Qué mierda visitar a mi amigo en el hospital. Mi marido la estaba cuidando. Retiré mis activos y los bloqueé...

«¿Estás seguro de que no quieres que te empaque algo para el viaje?» Pregunté suavemente, palmateando su amplio pecho.

«Valencia es un largo camino».
Ricardo sonrió, el tipo de sonrisa que siempre disolvió mis preocupaciones. Me dio un beso persistente en la frente.
«No, mi amor. Estoy apurado. El cliente en Valencia quiere una reunión urgente esta noche. Este proyecto es importante para mi portafolio. Quiero demostrarle a tu padre que puedo tener éxito sin esconderme detrás del nombre de tu familia».
Asentí, orgulloso de él. Ricardo era un marido «trabajador»… a pesar de que la verdad era que el dinero para su negocio, el Mitsubishi Montero que conducía y los trajes de diseñador que usaba habían venido de mí, dividendos de la empresa que heredé y que ahora diría. Pero nunca lo froté. En el matrimonio, lo que es mío también es suyo… ¿verdad?

«Ten cuidado», dije. «Me envía un mensaje cuando llegues al hotel».
Estuvo de acuerdo, agarró sus llaves y se fue. Lo vi desaparecer a través de la puerta de roble tallado, y sentí un tirón débil e incómodo en mi pecho. Una advertencia que dejé de lado. Tal vez fue solo el alivio culpable de tener la casa para mí solo durante unos días.

Más tarde esa tarde, después de varias reuniones en la oficina, mis pensamientos se desviaron hacia Laura, mi mejor amiga desde la universidad. Me había enviado un mensaje de texto el día anterior, alegando que había sido ingresada en un hospital en Segovia con fiebre aguda de la fiebre tifoidea. Laura vivía sola en esa ciudad desconocida. Siempre había intentado ayudarla. La casita en la que se quedó era una de mis propiedades, y la dejé vivir allí sin alquiler por compasión.
«Pobla Laura», murmuré. «Ella debe sentirse tan sola».
Eché un vistazo a la hora, a las dos en punto. Mi tarde estaba abierta de repente, y una idea se me ocurrió: ¿por qué no visitarla? Segovia estaba a solo un par de horas de distancia si el tráfico se comportaba bien. Podría sorprenderla con su cocido favorito y una cesta de fruta fresca.

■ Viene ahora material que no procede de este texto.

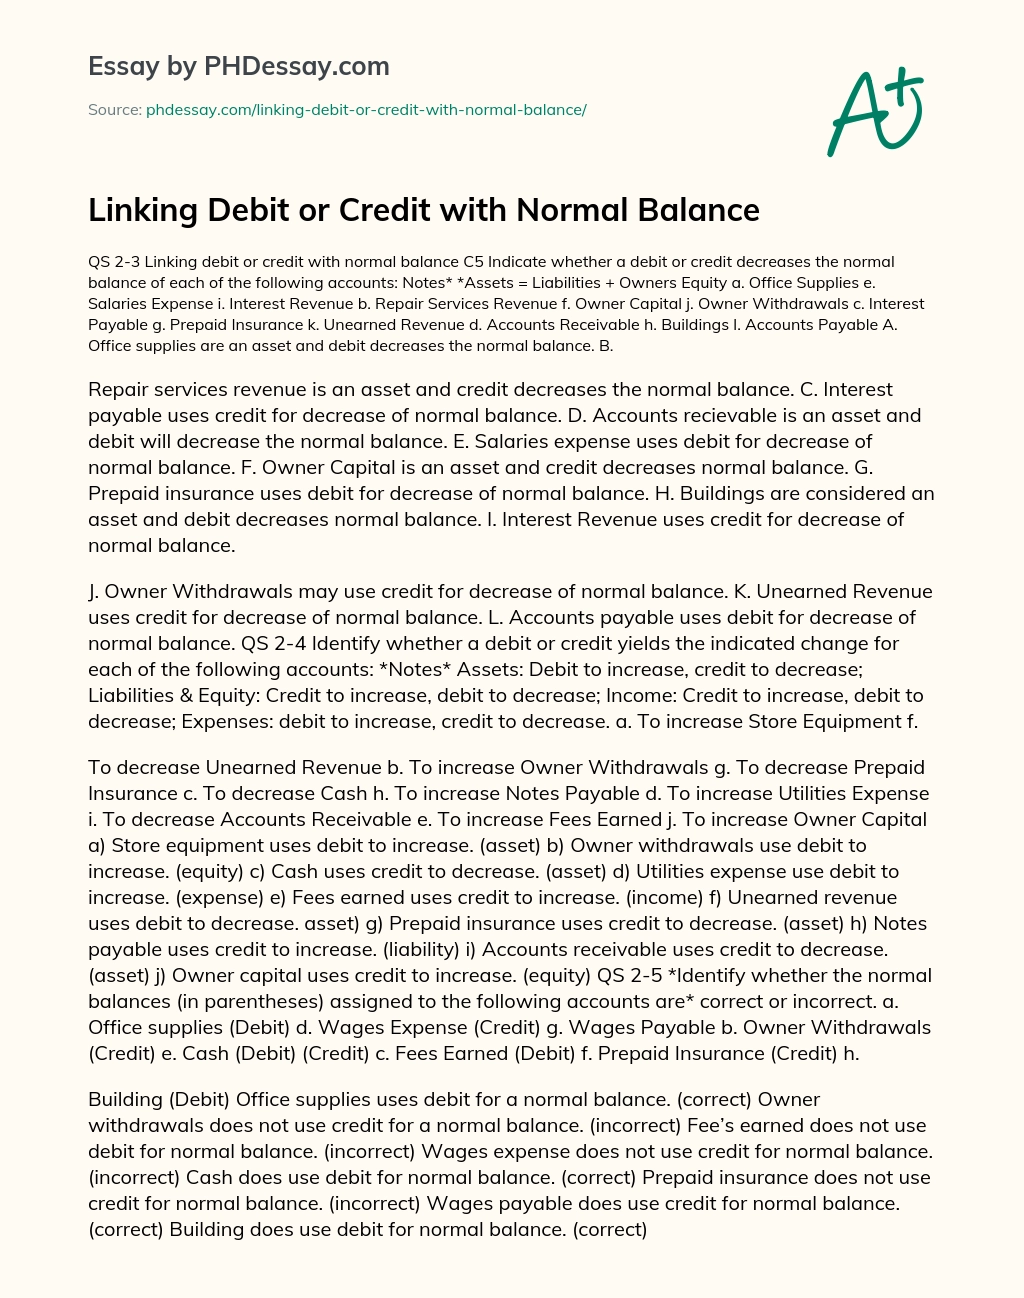 Linking Debit or Credit with Normal Balance essay

Llamé a mi conductor, José, y luego recordé que había llamado enfermo. Así que tomé mi Mercedes rojo y conduje yo mismo, imaginando la cara de Laura iluminándose cuando me vio. Incluso planeé llamar a Ricardo más tarde y decirle lo amable que estaba siendo su esposa. Ya podía escuchar sus elogios.
A las cinco, llegué al estacionamiento de un hospital privado de élite en Segovia. Laura había dicho que estaba en la sala VIP 305.
VIP.

Solo eso me hizo parpadear. Laura no funcionó. ¿Cómo estaba pagando por una suite así? Pero el optimismo rápidamente superó mis sospechas. Tal vez ella tenía ahorros. Y si no, está bien. Lo cubriría.
Cesta de frutas en la mano, caminé por pasillos que olían a antiséptico, aunque todo todavía se sentía pulido y caro. Mis pasos resonaron contra el mármol. Mi corazón no tenía miedo, estaba ansioso.
El ascensor sonó en el tercer piso. Encontré la habitación 305 al final de un pasillo tranquilo, ligeramente aislada. Y cuando me acerqué, me di cuenta de que la puerta no estaba completamente cerrada, apenas abierta.
Levanté una mano para golpear… luego me quedé helado.
La risa se desvió.

Y la voz de un hombre, cálida, burlona, dolorosamente familiar, detuvo mi sangre a mitad del flujo.

«Abre la boca, cariño. Aquí viene el pequeño avión…»
Se me cayó el estómago. Esa voz había besado mi frente esa mañana. Esa voz le había prometido a Valencia.
N.º No podría ser.
Temblando, me acerqué a la grieta de la puerta y contuve la respiración mientras miraba hacia adentro.Qué mierda visitar a mi amigo en el hospital. Mi marido la estaba cuidando. Retiré mis activos y los bloqueé...
La escena golpeó como un mazo.
Laura se sentó de pie en la cama, sana, radiante, no pálida en absoluto. Llevaba un pijama de satén, no una bata de hospital. Y posado a su lado, alimentándola con rodajas de manzana con tierna paciencia, estaba Ricardo.
Mi marido.
Sus ojos eran suaves, dedicados exactamente como lo habían sido cuando éramos recién casados.
«Mi esposa está tan malcriada», murmuró Ricardo, limpiando la esquina de la boca de Laura con su pulgar.
Mi esposa.
El pasillo se inclinó. Tuve que apoyarme contra la pared para evitar que mis rodillas se doblaran.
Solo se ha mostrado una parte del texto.